Task prompt →
Repeat the entries below exactly. Begin with the first line and end with the line that contains "MONTEREY HILLS - American".

+++ Listed entries +++

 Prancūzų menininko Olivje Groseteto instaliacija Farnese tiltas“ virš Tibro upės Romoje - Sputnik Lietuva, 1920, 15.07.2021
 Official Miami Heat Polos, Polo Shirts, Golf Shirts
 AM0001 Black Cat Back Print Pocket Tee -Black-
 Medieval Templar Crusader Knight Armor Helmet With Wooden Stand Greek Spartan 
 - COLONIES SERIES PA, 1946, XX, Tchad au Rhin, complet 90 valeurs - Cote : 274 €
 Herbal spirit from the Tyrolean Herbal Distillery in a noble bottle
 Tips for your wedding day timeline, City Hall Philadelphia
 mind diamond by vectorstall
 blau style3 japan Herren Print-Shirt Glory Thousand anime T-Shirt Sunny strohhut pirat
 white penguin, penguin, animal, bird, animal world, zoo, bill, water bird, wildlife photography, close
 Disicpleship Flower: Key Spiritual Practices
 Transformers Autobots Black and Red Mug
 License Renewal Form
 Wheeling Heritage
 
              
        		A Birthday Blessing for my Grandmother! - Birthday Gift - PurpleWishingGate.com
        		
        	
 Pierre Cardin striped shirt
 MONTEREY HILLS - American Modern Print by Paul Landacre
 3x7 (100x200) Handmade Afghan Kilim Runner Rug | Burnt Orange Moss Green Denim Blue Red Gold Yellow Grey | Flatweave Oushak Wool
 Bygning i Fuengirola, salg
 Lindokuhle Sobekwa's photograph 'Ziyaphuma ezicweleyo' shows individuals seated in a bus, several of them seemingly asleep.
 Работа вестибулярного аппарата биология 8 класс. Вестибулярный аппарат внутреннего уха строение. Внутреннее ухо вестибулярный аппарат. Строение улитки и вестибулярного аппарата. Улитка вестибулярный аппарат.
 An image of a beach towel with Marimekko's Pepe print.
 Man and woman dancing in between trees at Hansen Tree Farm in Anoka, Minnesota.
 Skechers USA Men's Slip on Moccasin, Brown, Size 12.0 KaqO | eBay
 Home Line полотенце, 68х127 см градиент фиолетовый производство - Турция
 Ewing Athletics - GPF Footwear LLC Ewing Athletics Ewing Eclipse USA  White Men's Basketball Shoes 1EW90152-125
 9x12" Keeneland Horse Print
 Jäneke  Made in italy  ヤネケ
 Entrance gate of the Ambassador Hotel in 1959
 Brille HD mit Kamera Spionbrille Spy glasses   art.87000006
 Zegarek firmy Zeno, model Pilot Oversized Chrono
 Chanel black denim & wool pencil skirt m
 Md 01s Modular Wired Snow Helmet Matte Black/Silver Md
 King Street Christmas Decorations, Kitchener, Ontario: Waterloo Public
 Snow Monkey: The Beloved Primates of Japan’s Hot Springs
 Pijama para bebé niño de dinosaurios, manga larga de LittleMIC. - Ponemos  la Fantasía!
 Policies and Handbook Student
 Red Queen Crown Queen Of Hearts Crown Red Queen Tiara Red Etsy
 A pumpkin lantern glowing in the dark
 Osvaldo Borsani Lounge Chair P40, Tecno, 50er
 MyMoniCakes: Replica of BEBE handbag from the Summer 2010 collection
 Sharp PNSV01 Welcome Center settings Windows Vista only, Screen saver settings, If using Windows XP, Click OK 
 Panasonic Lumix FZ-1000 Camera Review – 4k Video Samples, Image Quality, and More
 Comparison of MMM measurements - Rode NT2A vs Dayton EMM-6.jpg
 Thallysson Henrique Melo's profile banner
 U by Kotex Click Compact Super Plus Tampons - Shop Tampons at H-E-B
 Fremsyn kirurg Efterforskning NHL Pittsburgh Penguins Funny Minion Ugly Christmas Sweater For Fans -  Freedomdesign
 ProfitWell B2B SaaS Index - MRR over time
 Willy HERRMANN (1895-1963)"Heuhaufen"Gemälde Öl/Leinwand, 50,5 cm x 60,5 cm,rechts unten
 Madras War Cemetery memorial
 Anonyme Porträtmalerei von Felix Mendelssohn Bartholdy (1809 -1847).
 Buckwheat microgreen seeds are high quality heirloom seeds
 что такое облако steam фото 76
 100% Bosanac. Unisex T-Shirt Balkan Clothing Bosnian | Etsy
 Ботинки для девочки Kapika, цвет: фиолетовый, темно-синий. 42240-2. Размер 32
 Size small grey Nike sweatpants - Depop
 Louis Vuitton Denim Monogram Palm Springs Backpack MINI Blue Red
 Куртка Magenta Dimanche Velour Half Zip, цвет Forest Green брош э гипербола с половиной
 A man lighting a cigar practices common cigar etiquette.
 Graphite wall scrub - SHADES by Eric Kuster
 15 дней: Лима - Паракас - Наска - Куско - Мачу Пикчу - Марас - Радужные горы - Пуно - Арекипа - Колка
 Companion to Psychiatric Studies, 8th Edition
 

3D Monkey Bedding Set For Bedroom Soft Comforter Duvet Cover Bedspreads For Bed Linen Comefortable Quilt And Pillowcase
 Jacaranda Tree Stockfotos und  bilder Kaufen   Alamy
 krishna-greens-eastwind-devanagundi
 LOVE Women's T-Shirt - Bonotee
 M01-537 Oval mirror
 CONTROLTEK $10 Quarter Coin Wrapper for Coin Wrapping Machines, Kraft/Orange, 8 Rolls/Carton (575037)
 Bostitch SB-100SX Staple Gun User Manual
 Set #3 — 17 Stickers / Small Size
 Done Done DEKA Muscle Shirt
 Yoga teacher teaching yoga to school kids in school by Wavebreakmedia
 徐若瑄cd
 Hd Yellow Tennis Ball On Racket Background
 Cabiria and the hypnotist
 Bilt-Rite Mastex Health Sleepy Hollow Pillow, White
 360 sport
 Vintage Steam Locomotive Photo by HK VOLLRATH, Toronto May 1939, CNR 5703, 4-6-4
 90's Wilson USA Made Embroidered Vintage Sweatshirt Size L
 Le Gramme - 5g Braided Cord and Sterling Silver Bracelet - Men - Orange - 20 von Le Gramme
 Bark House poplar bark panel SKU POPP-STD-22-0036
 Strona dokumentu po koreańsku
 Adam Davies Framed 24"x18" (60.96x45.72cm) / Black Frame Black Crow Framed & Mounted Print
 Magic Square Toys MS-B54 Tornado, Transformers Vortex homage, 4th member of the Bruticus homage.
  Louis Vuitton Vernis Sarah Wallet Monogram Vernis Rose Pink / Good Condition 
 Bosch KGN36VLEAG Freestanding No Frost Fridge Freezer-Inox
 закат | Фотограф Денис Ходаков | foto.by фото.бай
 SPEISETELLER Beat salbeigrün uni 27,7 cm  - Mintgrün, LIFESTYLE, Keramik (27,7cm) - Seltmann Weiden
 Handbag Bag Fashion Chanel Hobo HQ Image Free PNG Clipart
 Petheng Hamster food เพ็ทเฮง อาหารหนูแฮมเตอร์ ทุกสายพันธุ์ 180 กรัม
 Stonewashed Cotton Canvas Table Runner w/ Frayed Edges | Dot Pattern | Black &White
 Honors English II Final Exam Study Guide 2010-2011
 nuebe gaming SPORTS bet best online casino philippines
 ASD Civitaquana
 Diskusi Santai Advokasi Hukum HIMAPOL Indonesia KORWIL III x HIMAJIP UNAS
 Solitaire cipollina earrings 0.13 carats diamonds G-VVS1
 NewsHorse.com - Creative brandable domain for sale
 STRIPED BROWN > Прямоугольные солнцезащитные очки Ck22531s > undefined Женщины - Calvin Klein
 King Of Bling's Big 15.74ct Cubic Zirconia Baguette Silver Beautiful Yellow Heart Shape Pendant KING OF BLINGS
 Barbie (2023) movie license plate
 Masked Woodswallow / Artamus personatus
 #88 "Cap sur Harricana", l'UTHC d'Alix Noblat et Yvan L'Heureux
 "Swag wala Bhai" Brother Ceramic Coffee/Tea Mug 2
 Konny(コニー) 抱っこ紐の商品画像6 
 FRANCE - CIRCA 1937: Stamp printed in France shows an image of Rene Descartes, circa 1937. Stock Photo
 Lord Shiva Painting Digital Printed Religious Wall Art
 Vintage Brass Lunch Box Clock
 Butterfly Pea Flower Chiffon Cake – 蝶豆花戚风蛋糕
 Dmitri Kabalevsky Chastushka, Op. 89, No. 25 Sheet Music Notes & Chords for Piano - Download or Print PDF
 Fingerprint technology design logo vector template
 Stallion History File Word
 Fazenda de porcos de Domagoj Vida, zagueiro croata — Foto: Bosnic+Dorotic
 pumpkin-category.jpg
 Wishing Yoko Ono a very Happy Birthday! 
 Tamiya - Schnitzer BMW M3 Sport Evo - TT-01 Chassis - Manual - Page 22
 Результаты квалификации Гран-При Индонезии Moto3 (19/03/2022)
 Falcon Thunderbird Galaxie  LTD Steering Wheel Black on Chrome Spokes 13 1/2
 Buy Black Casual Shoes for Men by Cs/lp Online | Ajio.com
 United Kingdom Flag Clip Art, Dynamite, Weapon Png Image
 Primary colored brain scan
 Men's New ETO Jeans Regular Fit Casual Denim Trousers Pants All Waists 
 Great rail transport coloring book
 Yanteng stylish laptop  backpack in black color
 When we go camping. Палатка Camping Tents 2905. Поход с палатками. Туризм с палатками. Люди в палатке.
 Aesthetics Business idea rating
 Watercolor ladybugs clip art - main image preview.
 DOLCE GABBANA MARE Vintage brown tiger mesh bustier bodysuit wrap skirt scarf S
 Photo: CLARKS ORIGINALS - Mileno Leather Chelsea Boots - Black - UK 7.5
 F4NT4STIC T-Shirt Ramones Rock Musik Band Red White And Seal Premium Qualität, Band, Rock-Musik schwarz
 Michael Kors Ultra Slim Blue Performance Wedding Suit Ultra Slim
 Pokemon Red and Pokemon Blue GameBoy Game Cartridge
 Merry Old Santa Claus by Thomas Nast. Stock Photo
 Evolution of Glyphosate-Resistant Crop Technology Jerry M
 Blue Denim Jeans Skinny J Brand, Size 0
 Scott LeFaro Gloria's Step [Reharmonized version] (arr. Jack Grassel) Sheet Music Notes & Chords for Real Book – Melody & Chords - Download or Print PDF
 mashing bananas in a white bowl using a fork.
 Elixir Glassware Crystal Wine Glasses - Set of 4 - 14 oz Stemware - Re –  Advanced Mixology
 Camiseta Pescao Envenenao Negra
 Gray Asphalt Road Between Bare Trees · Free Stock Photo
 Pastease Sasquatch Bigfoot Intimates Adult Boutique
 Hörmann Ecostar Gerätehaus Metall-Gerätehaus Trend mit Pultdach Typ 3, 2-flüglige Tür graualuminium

+++

Answer to this problem →
 Prancūzų menininko Olivje Groseteto instaliacija Farnese tiltas“ virš Tibro upės Romoje - Sputnik Lietuva, 1920, 15.07.2021
 Official Miami Heat Polos, Polo Shirts, Golf Shirts
 AM0001 Black Cat Back Print Pocket Tee -Black-
 Medieval Templar Crusader Knight Armor Helmet With Wooden Stand Greek Spartan 
 - COLONIES SERIES PA, 1946, XX, Tchad au Rhin, complet 90 valeurs - Cote : 274 €
 Herbal spirit from the Tyrolean Herbal Distillery in a noble bottle
 Tips for your wedding day timeline, City Hall Philadelphia
 mind diamond by vectorstall
 blau style3 japan Herren Print-Shirt Glory Thousand anime T-Shirt Sunny strohhut pirat
 white penguin, penguin, animal, bird, animal world, zoo, bill, water bird, wildlife photography, close
 Disicpleship Flower: Key Spiritual Practices
 Transformers Autobots Black and Red Mug
 License Renewal Form
 Wheeling Heritage
 
              
        		A Birthday Blessing for my Grandmother! - Birthday Gift - PurpleWishingGate.com
        		
        	
 Pierre Cardin striped shirt
 MONTEREY HILLS - American Modern Print by Paul Landacre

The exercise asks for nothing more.